Tuesday, October 31, 2006

THE STRANGEST WAR

PATRICK COCKBURN, ALTERNET - It has been the strangest war. It had
hardly begun in 2003 when President George W. Bush announced on May 1
that it was over: the American mission had been accomplished. Months
passed before Washington and London realized that the conflict had not
finished. In fact, the war was only just beginning. Three years after
Bush had spoken the US military had suffered 20,000 dead and injured in
Iraq, 95% of the casualties inflicted after the fall of Baghdad.

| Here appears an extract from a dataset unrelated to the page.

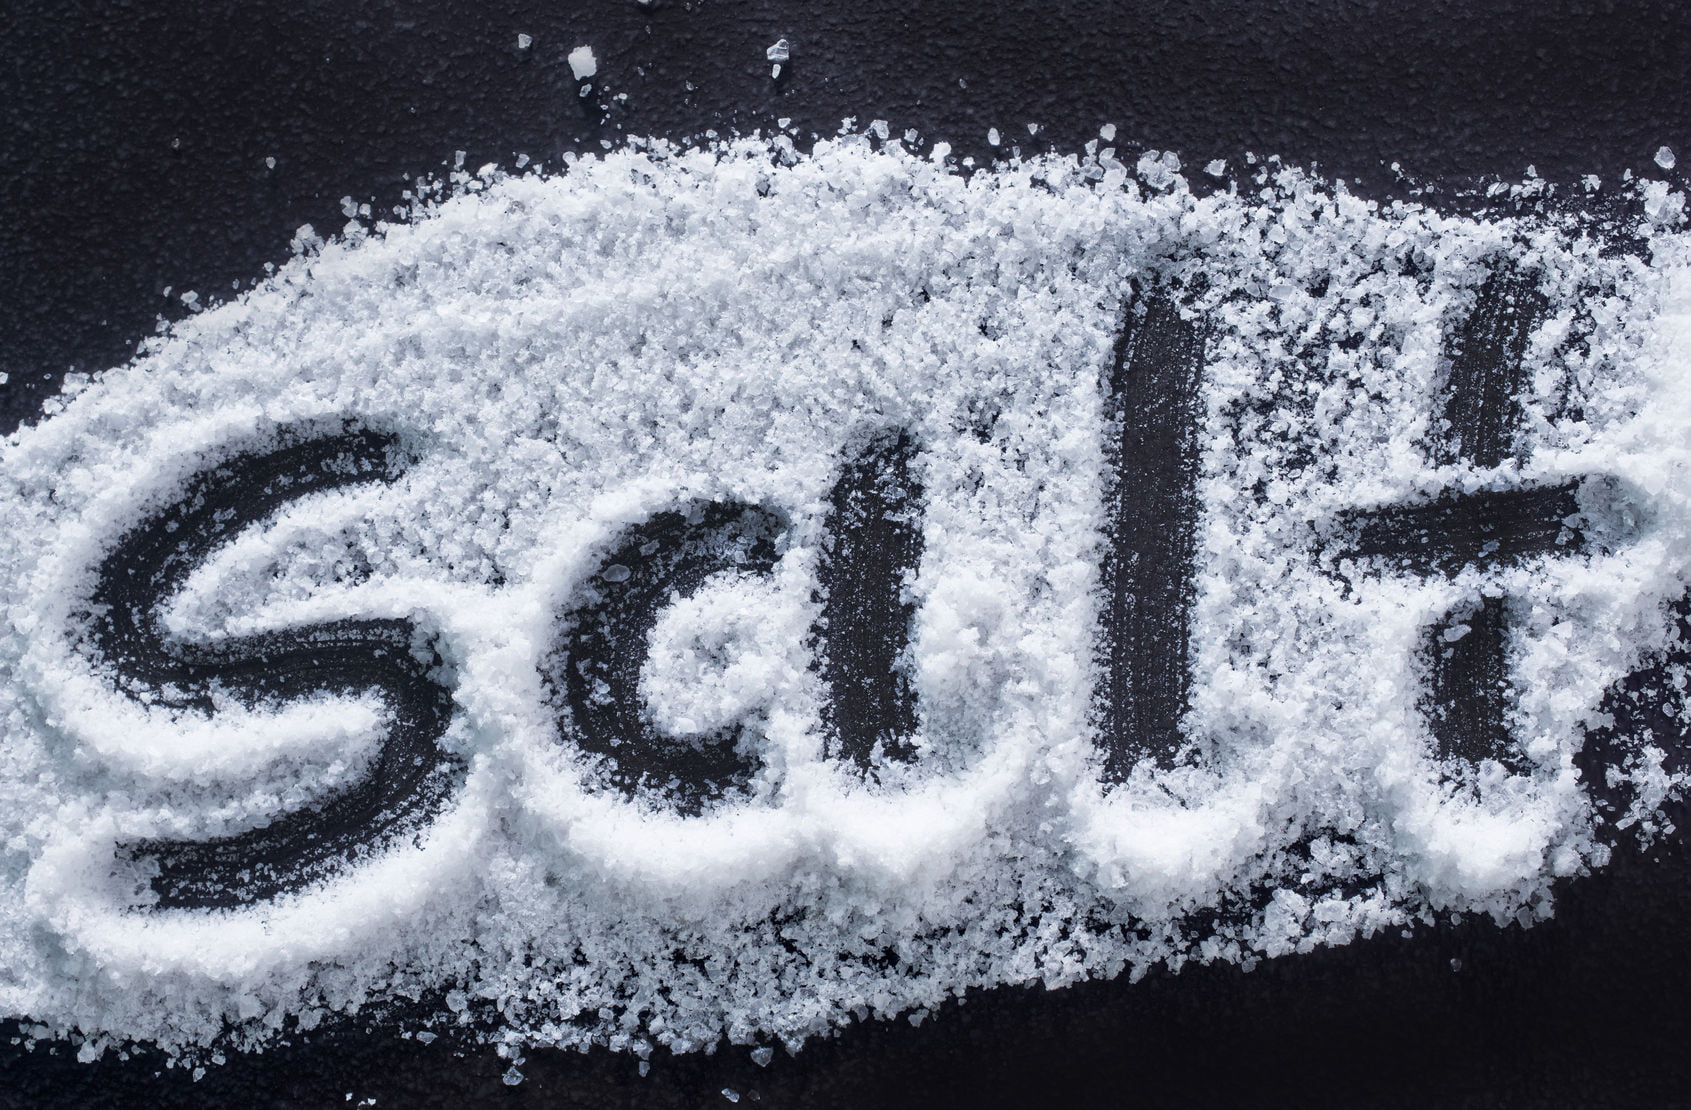 salt reduction: the word "salt" written in salt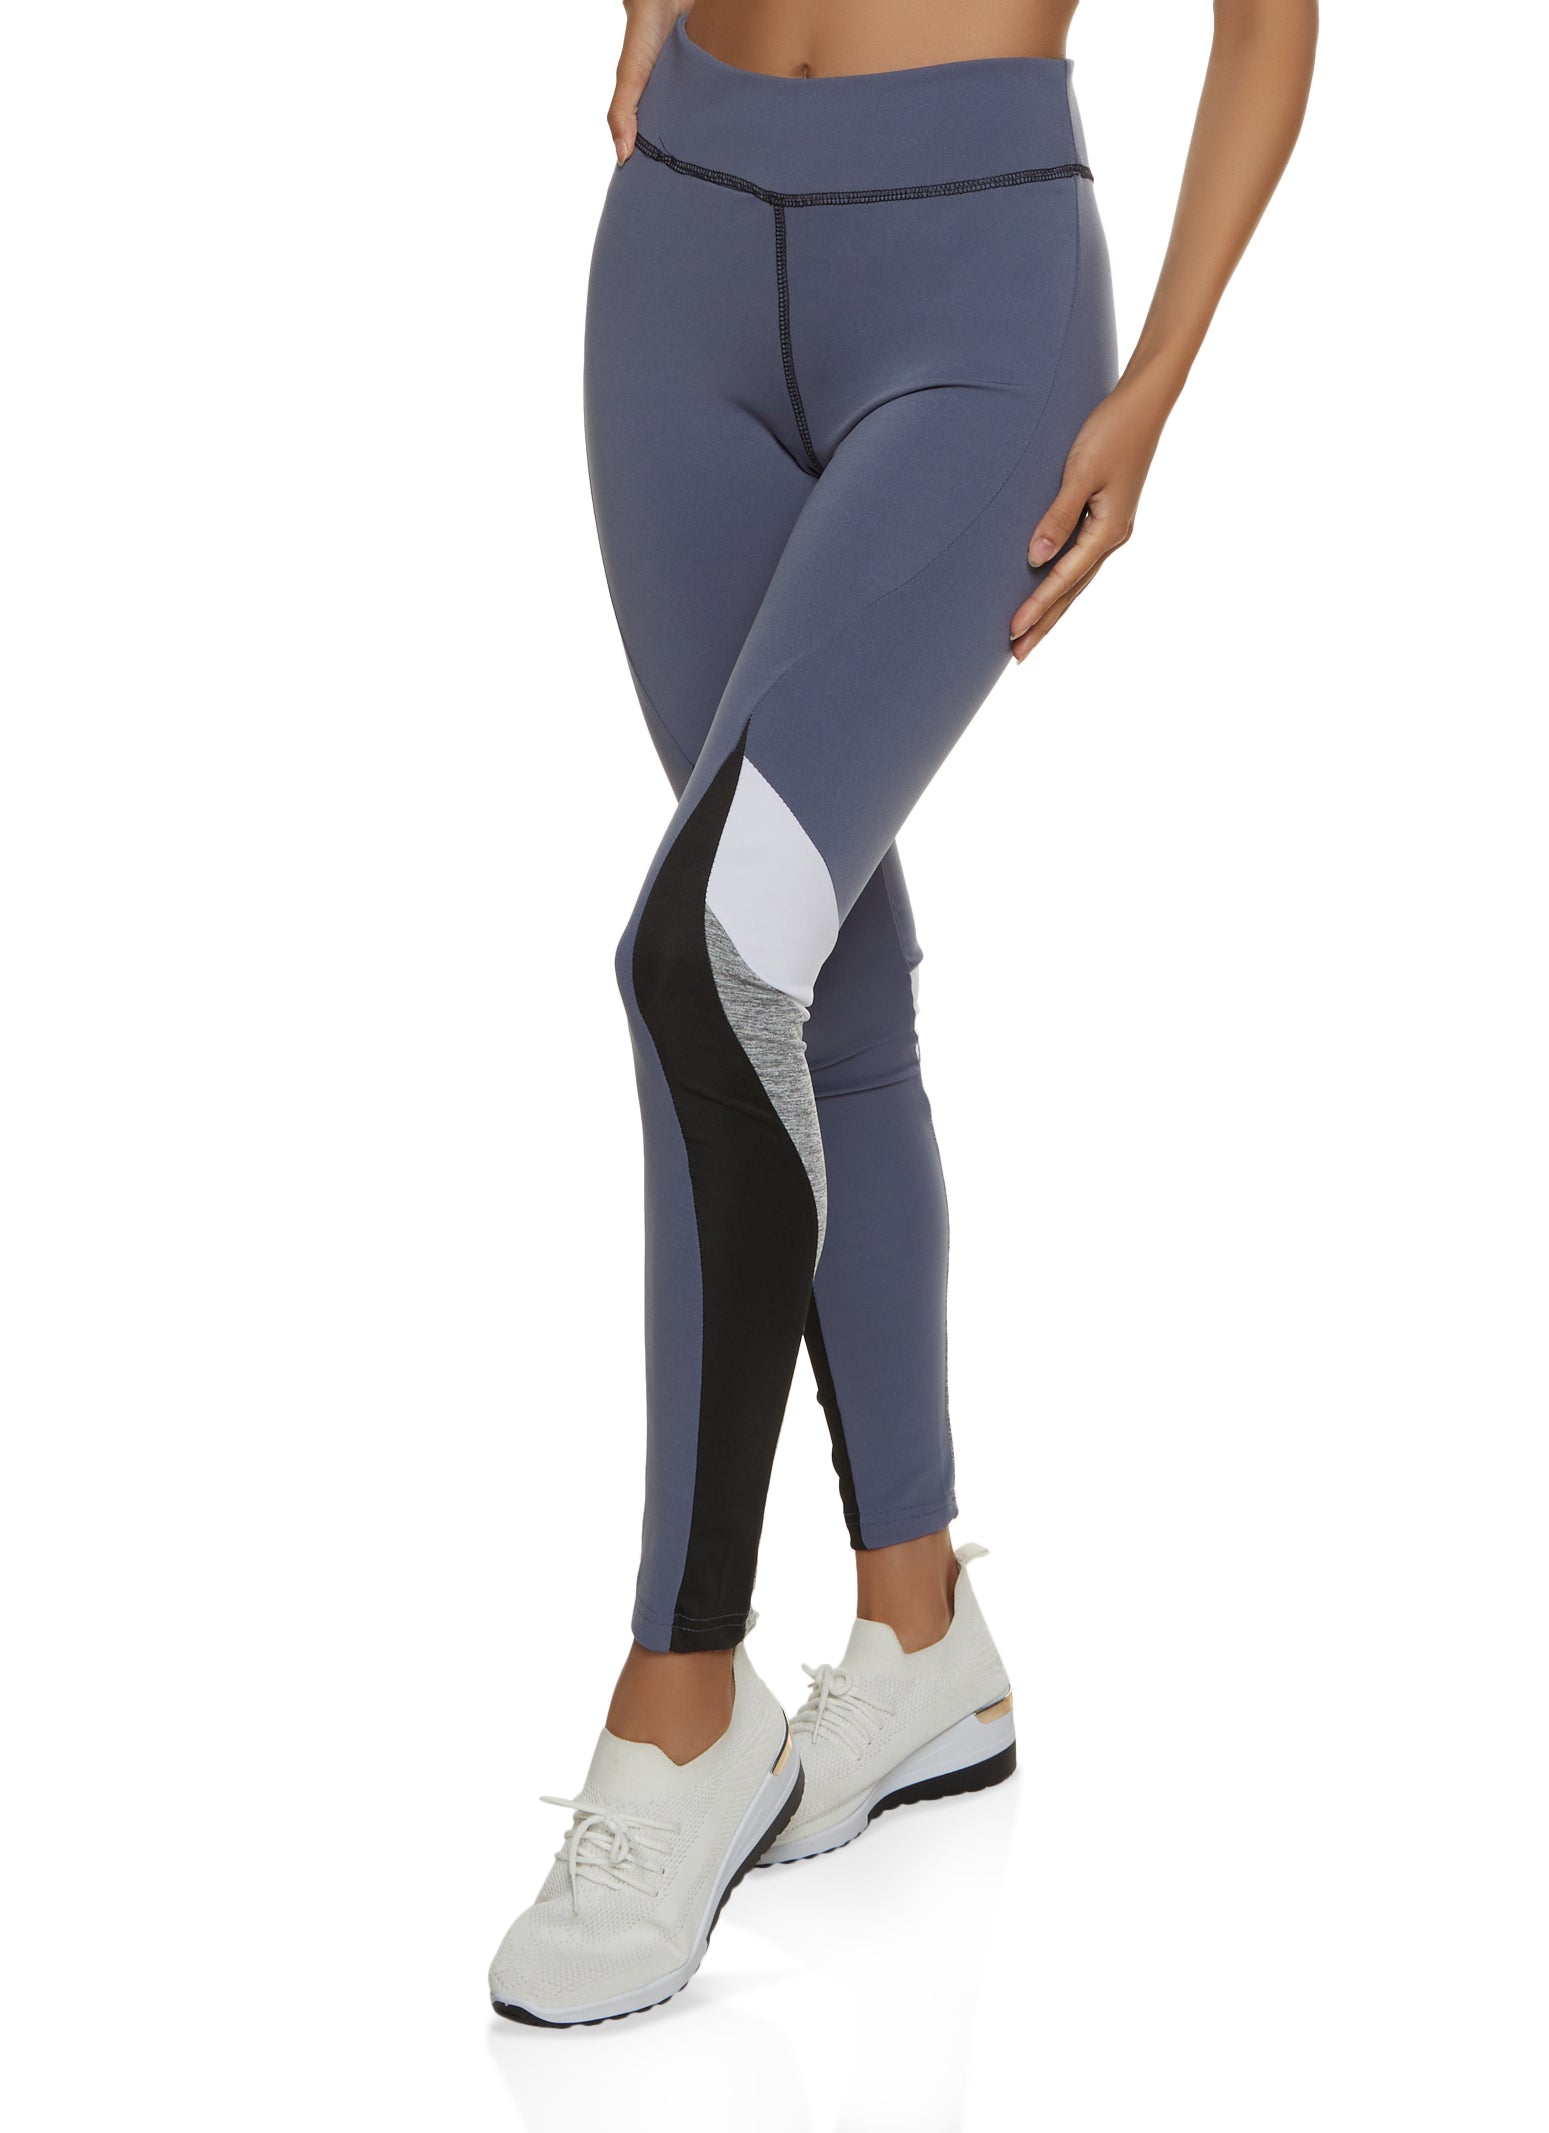 Buy Chkokko Teal Blue Color-Block Workout Leggings for Women Online @ Tata  CLiQ

Almost without thinking, the US put to the test its claim to be the only
superpower in the world. It spurned allies inside and outside Iraq; in
invading Iraq Tony Blair was Bush's only significant supporter. The
first President George Bush led a vast UN-backed coalition to complete
victory in the Gulf War in 1991 largely because he fought a conservative
war to return the Middle East to the way it was before Iraq's invasion
of Kuwait. It was a status quo with which the world was familiar, and
restoring was therefore supported internationally -- and in the Middle
East. The war launched by his son, George W. Bush, twelve years later in
2003 was a far more radical venture. It was nothing less than an attempt
to alter the balance of power in the world. The US, acting almost alone,
would seize control of a country with vast oil reserves. It would assume
quasi-colonial control over a nation which fifteen years previously had
been the greatest Arab power. Senior American officials openly
threatened to change the governments of states neighboring Iraq.